Cork man Stephen Redmond felt that the ocean was ‘a widowmaker’ during a gruelling swim across the Cook Strait yesterday. The 46 year old open water swimmer, from Ballydehob, West Cork, swam the Cook Strait, the stretch of ocean between the North and South Islands of New Zealand, in 13 hours and ten minutes.
He had set out set out from Arapawa Island in the Marlborough Sounds at 7am to swim to Mana, where he planned to arrive by 7pm, but tough conditions meant it was nearly midnight when he finished. He was greeted by over 100 supporters from the Irish community. Speaking from his hotel room in Wellington this morning, Mr Redmond – who was very tired and a little sunburnt – said he had “an awful lot of luck” in completing yesterday’s crossing.
“Every time you stopped you could lose ten metres,” he said. “It took two hours to swim a kilometre and a half. It’s like building a statue out of stones, it beats you mentally and physically.”
He had support from a team of paramedics and the organisers of the Irish People in New Zealand group, who helped with accommodation and training upon his arrival in the country on Monday.

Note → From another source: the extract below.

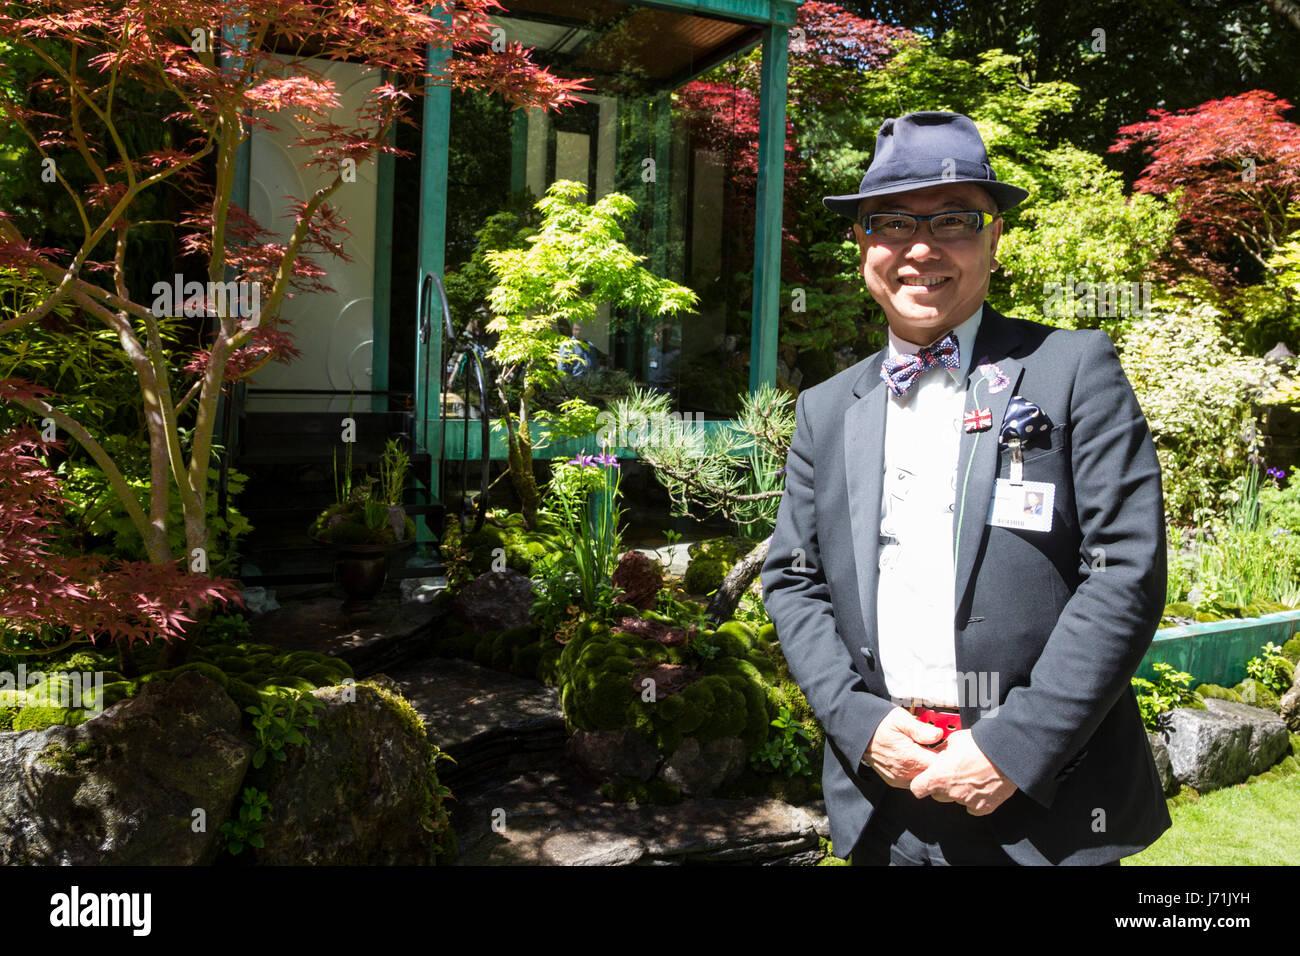 london, uk. 22nd may, 2017. garden designer ishihara kazuyuki. press

“It was quite humbling to have people like that help me,” he said. “You come to Wellington and you feel like you’ve been here before. We’re very lucky to have a group of Irish people like that here.”
Each hour during the swim he took on protein drinks and high carbs to keep his energy levels up.
However, the main difficulty was, he found, in maintaining his emotional and mental spirits.
“When you get into the water you spend the whole time thinking about getting out.”
A series of mantras about his family and supporters got him through, coupled with advice and expertise from New Zealand’s decorated ocean swimmer Philip Rush, who travelled alongside in a boat.
“I really thought it was trying to kill me and did not like me … there’s days when the water just doesn’t like you and it can be a widowmaker,” said Mr Redmond.
He is hoping to become the first person to complete the Ocean’s Seven challenge, which involves swimming the Irish Channel, the Cook Strait, the Moloka’i Channel between O’ahu and Moloka’i Islands in Hawaii, the English Channel, the Catalina Channel near LA, the Tsugaru Channel in Japan, and the Strait of Gibraltar.
He said he hoped his swims were raising awareness off the sport and helping with fundraising for an autism centre in West Cork.
“It’s all self-funded and we have no major sponsors because it’s a loo-loo sport … and nobody really gets it,” he joked.